Die Perspektive der Unternehmen ist durch viele Details erschwert. Noch immer habe ich einen Vorstand von Stadtwerken im Ohr, der als größten Unsicherheitsfaktor die Politik genannt hatte. Die Häufigkeit und die geringe Halbwertszeit der Reformen erschwert Planungen. Die wirtschaftliche Abschätzung wird durch die Unklarheit über das Erreichen des atmenden Deckels und die angedachten Ausschreibungen, deren konkrete Ausgestaltung nicht einmal der Staatssekretär Baake kennt, gestört. Auch der Verwaltungsaufwand steigt bereits jetzt durch die verpflichtende Direktvermarktung. Mit dem Wegfall des Eigenstromprivilegs („Sonnensteuer“) entsteht eine wiedersinnige Situation für diejenigen, die Verantwortung im Klimaschutz und in der Minderung von fossilen Energieimporten übernehmen wollen. Diese skizzierte neue Ausgangslage kann nicht aus versehen passiert sein. Um die Hintergründe dieser Energiepolitik besser einzuordnen habe ich Prof. Dr.-Ing. Volker Quaschning um Antworten gebeten.

Welche Absicht kann hinter einer solchen Energiepolitik stecken?

Die Energiewende fand bislang weitgehend ohne die Energiekonzerne statt. Bei RWE lag beispielsweise der Anteil erneuerbarer Energien an der Stromerzeugung in Deutschland im Jahr 2012 lediglich bei einem Prozent. Rund 25 Prozent waren es letztes Jahr im Bundesdurchschnitt. Stattdessen sitzen die Konzerne auf einem konventionellen Kraftwerkspark, der sich immer weniger rechnet.
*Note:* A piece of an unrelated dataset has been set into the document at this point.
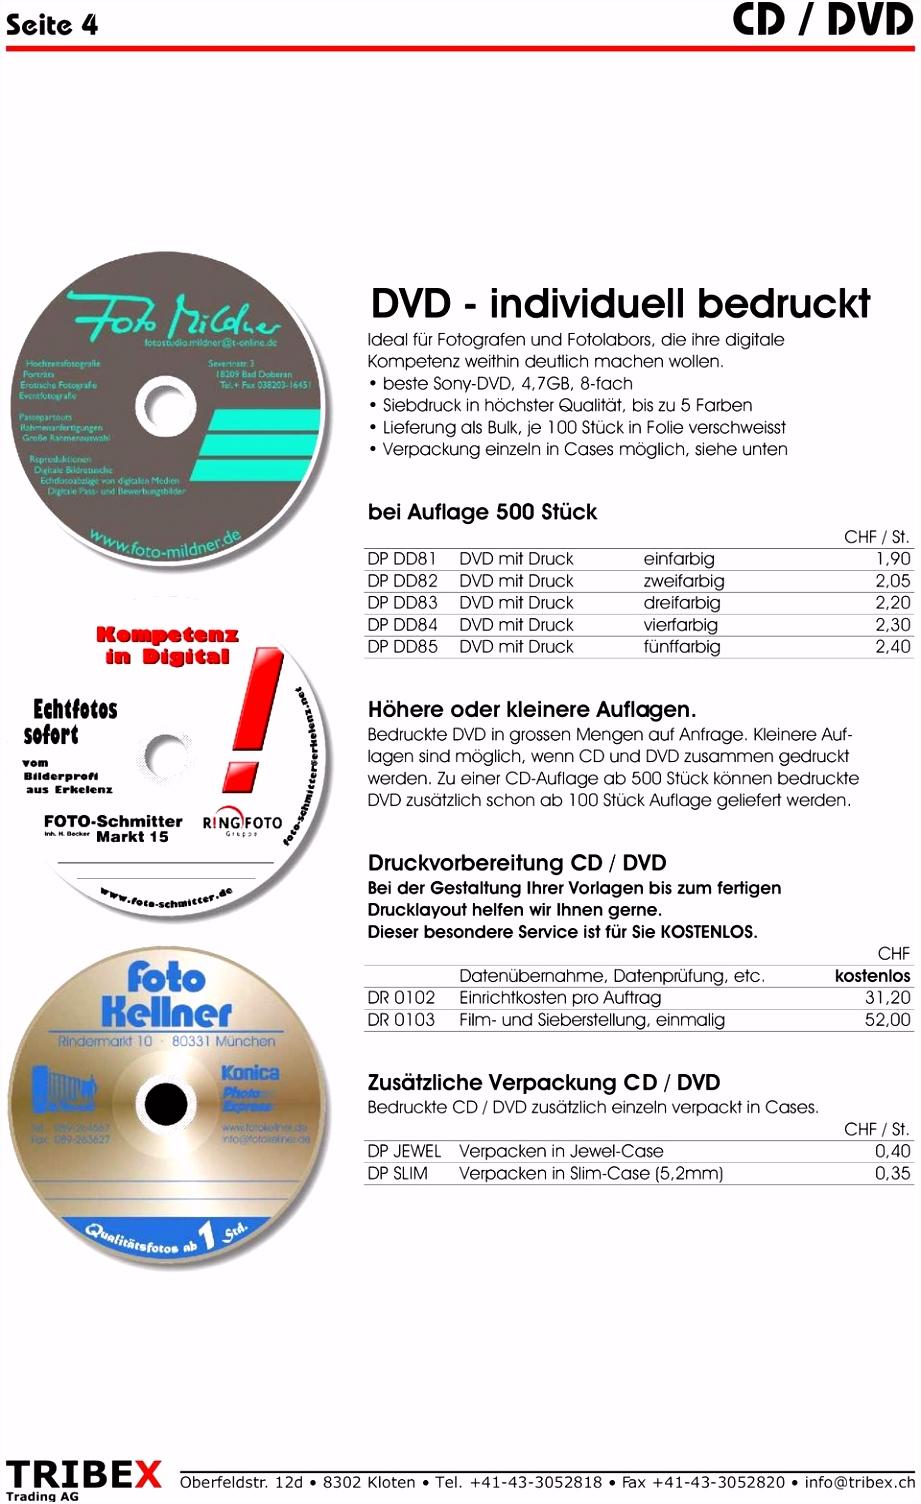 Cd Papierhulle Vorlage Alle Abbildungen ähnlich Die Farben Können Vom original Abweichen E1pe02aue6 T4ath2tbuh
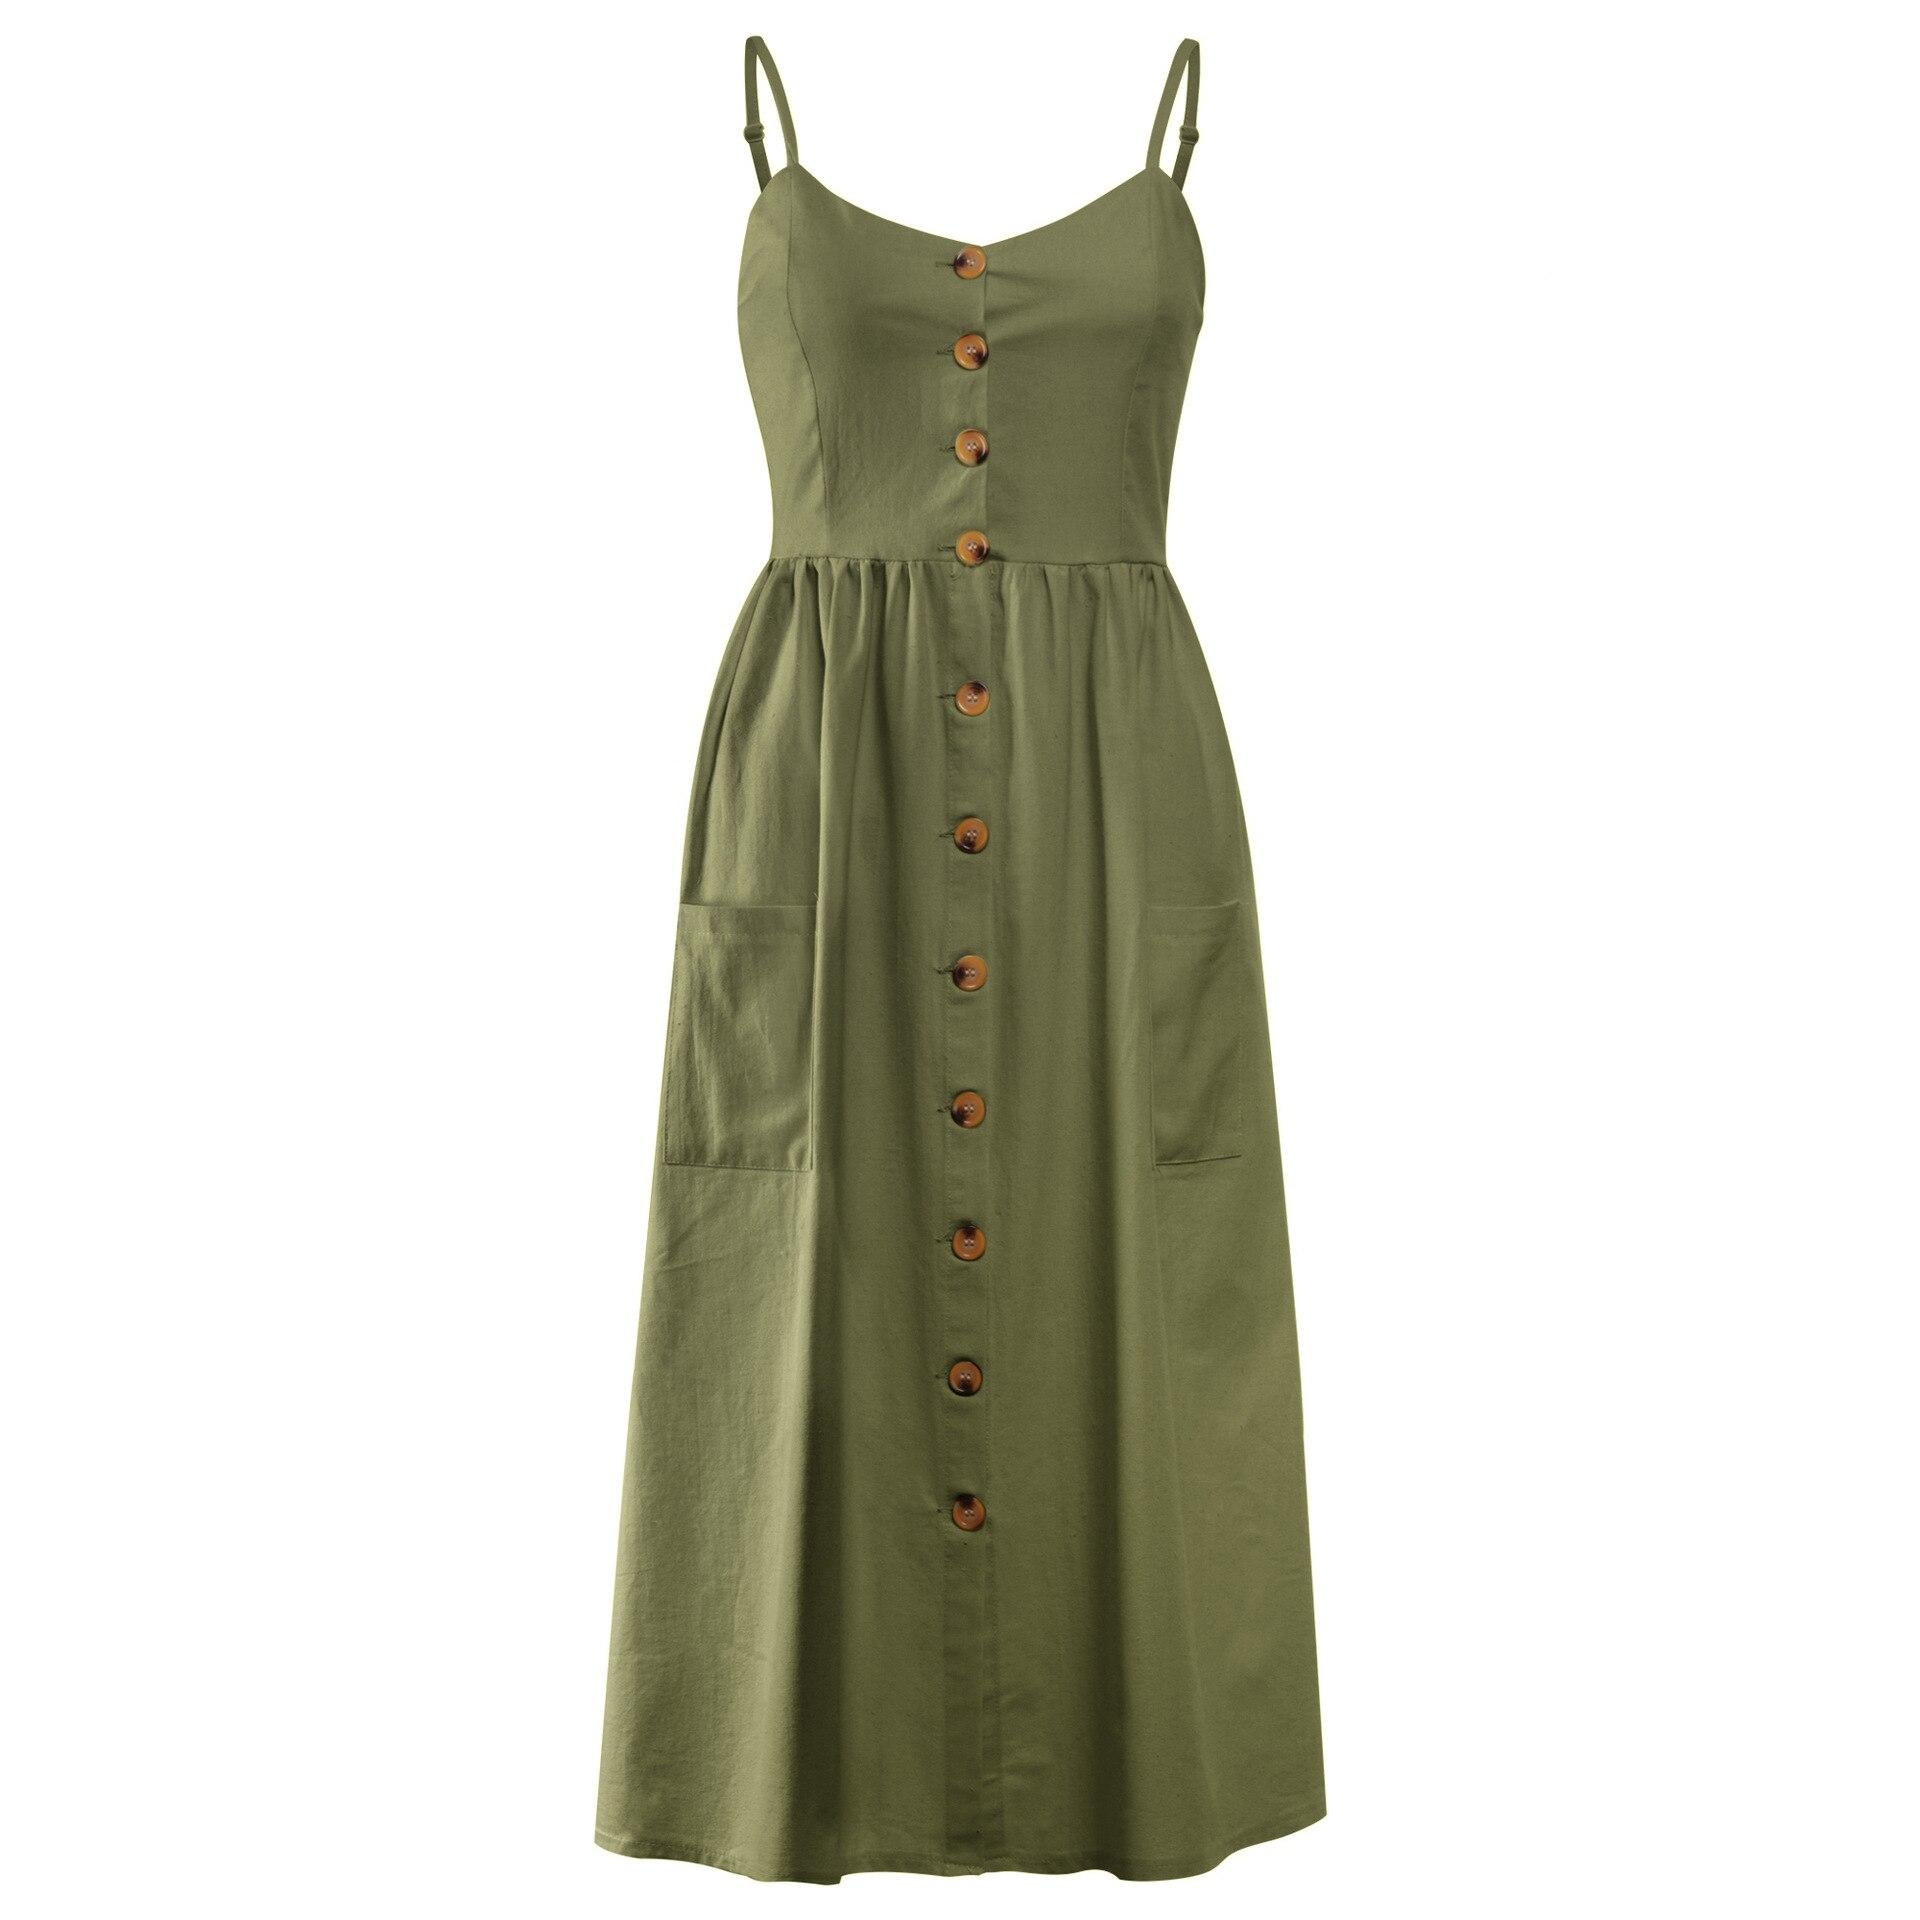 Button Striped Print Cotton Linen Casual Summer Dress 19 Sexy Spaghetti Strap V-neck Off Shoulder Women Midi Dress Vestidos 19

Die Korrekturen im EEG sollen nun den Energiekonzernen die Möglichkeit geben, sich den Veränderungen anzupassen und selbst Teil der Energiewende zu werden. Dafür werden sogar das Erreichen der Klimaschutzziele und die Vorreiterrolle Deutschlands bei den erneuerbaren Energien geopfert.

Wie erklären Sie sich die Triebfeder der verantwortlichen politischen Akteure?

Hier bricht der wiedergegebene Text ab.